From what I've read, a D&C is riskier, unless you've started to miscarry but didn't complete it. There are very few risks associated with an early natural miscarriage, but with a D&C, your uterus walls can stick together, in which case you would have to have them pulled apart before you could get pregnant again. They say repeat D&C's can lead to an incompetent cervix. I'm afraid they downplay the risks since it's the same procedure they use for abortions and most doctors don't want to scare people out of abortions, so I'm just going to let nature take care of it for me. I'm terrified about the prospect, but it still seems to be the better alternative.


----------



## azmountainmama (Nov 20, 2001)

just a thought.

for those of you in the midst of miscarriage please keep black and blue cohosh around in case of a hemmorage. which would look like soaking a pad in less than an hour. 2 weeks ago i soaked 4 in 15 minutes. i downed the tinctures and waited. i ended up calling 911 and going threw that whole ordeal. the cohoses kicked in just as the paramedics arrived. so if you do feel that you are bleeding too much do not wait to take it.
that said, it is very rare to have a hemmorage with an early miscarriage and usually all goes as nature intends. just be prepared.

be well sisters and god bless.


----------



## Ms. Mom (Nov 18, 2001)

Oh my sisters. My heart is just aching for all of you. Please do what your heart tells you and listen to your bodies.

Be very gentle with yourselves. Keeping hydrated is very important right now. Try to get rest when you can. I know it's hard knowing what's happening within your body, but you must care for yourself too. Eat small healthy meals througout the day. Try to eat foods high in iron such as, spinach and beets. When your bleading, your iron level can suffer.

I'm thinking of you all today. I'll light a single candle to remind me of our sisterhood and how we ache together for the babies we loved and desperately wanted.

Sending you peace and healing thoughts.


----------



## ediesmom (Nov 19, 2001)

Az and Joy,

I just want to chime in and say you two are so beautiful. Allowing this to come naturally is something I never would have thought of. What a beautiful tribute to your babies.
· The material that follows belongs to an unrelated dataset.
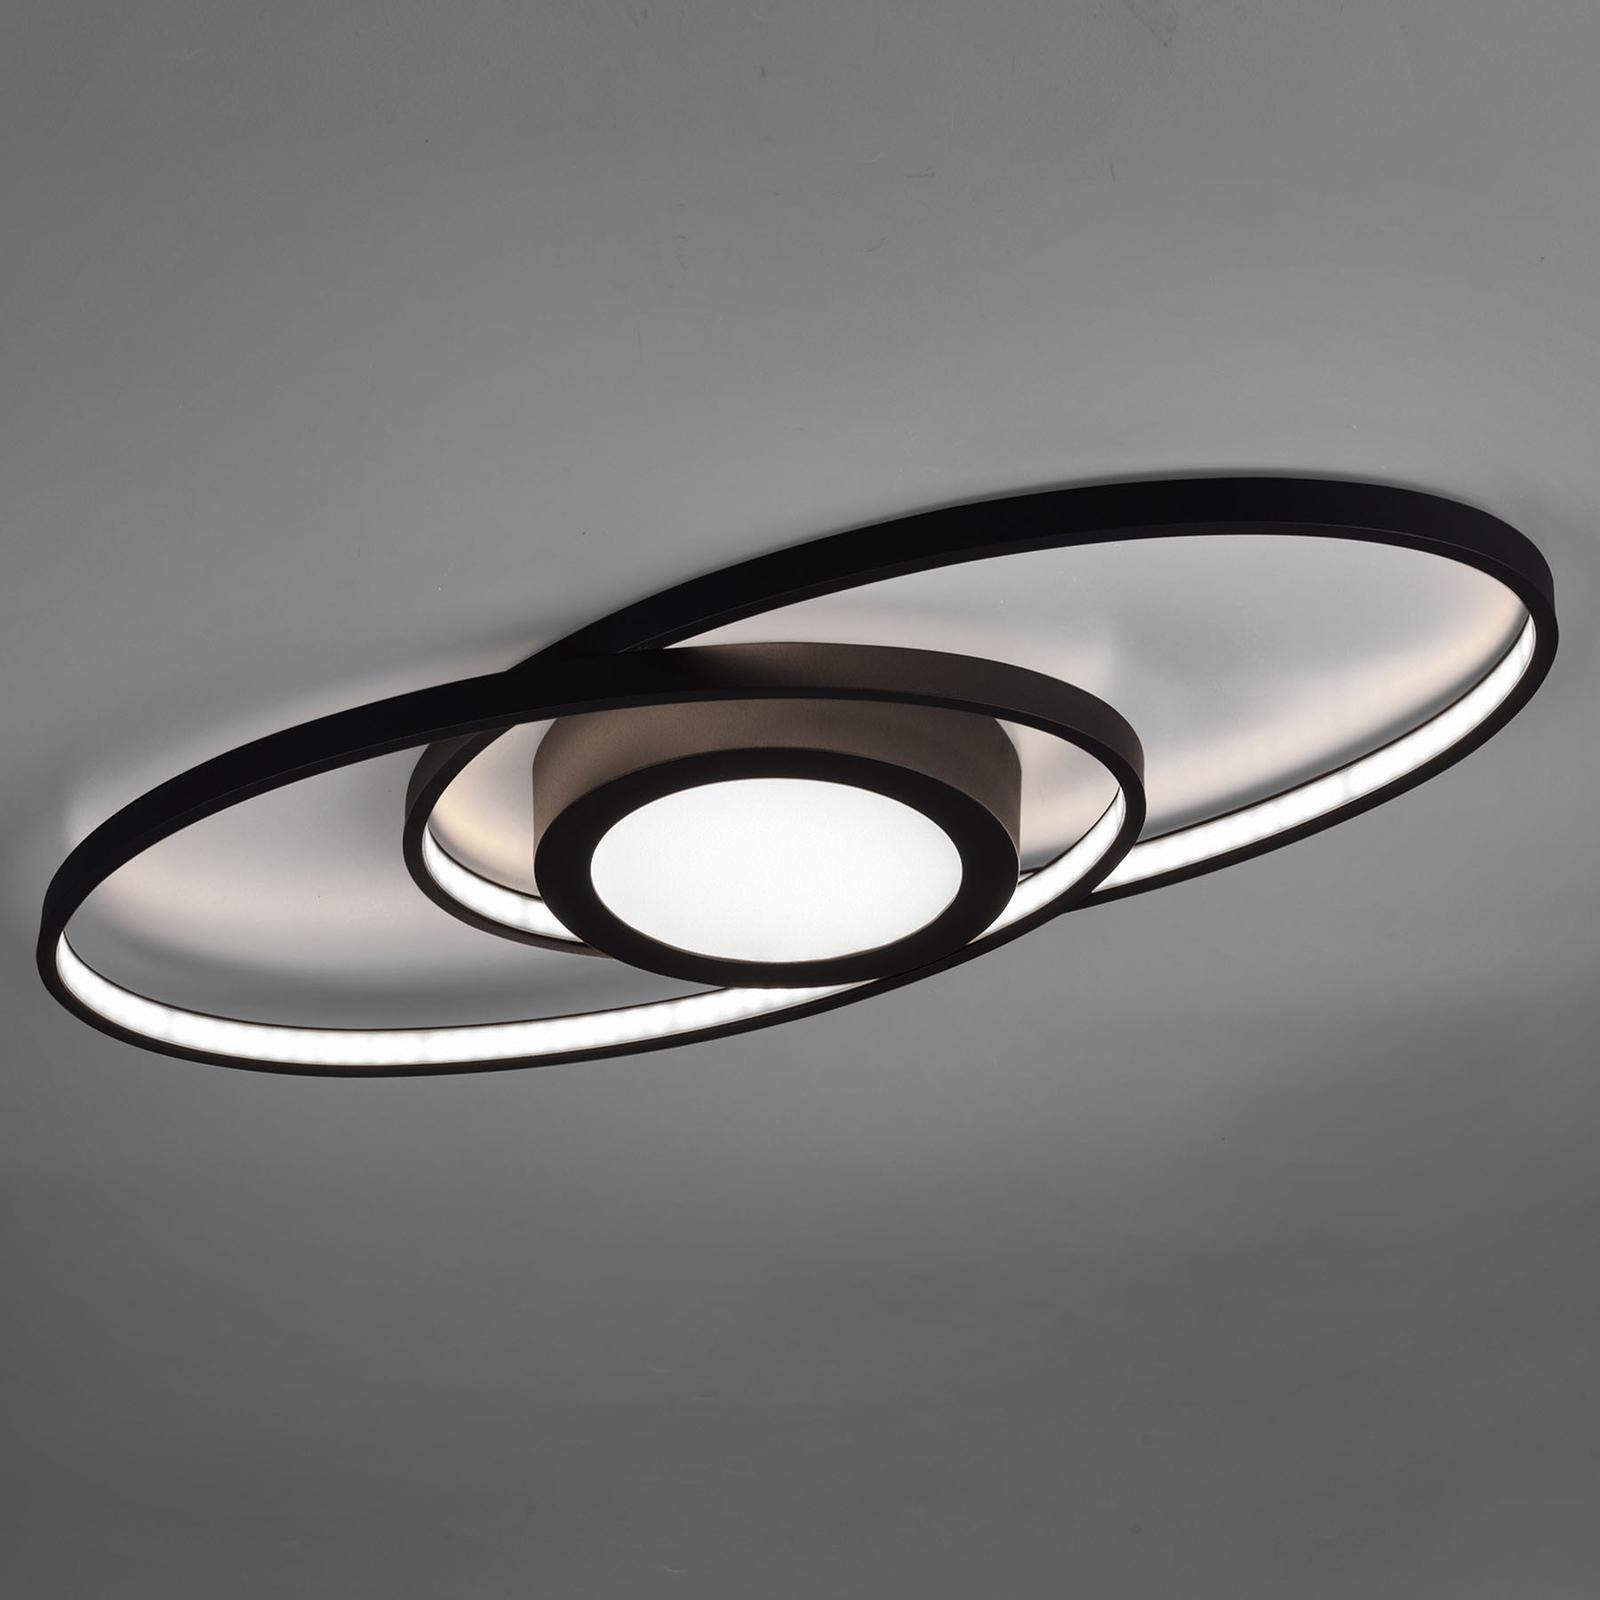 Lampa sufitowa LED Galaxy, ściemniana, antracyt

Thank you both for offering me support when you are in pain yourselves. What strong, wonderful women I have in my life.

Randee


----------



## 3girls1boy (Nov 20, 2001)

I became pregnant unexpectedly early in 2000. I didn't have ultrasounds with my other pregnancies, but for some reason I agreed to have one early on this time. At the u/s, they couldn't detect a heartbeat, but said it might just be too early in the pregnancy (I was 10 weeks along) or perhaps I had miscalculted my dates. I knew my dates were solid and so I started to prepare myself for the possibilty that I might lose the baby. I went in for a couple of those HCG tests, but after 2, I told the doctor I didn't see the point of having anymore. At that point the hormone levels were going up, but not at the rate that they should have been.

I felt strongly that it was up to God whether the pregnancy would go on or not. 2 weeks later, I started to spot and by the second day I was bleeding heavily. I felt okay, so I stayed at home, but at one point in the middle of the night, I went to the bathroom and the room started to spin, so I had my DH call an ambulance. I went to the hospital where they confirmed that I was miscarrying, but a D & C didn't seem to be necessary. While at the hospital, I passed the placenta. (I never did see the embroyo, and I suspect it ended up in the toilet, where DH flushed it away without really looking at what was there)

I felt very lucky not to have had a D & C. I felt somehow better that, if my body was failing me in the pregnancy, at least it could miscarry on it's own. I also felt those 2 weeks were helpful in preparing me for the loss.

Peace and healing to you. Jeanne


----------



## LizD (Feb 22, 2002)

D&C really has very low risk nowadays. Mulitple elective abortions are no longer regarded as a risk for incompetent cervix, according to Williams Obstetrics. Remember legal abortion has been around for 30 years and with practice, regulation and training comes safety. Multiple elective abortions are also no longer absolutely considered a risk for placenta previa.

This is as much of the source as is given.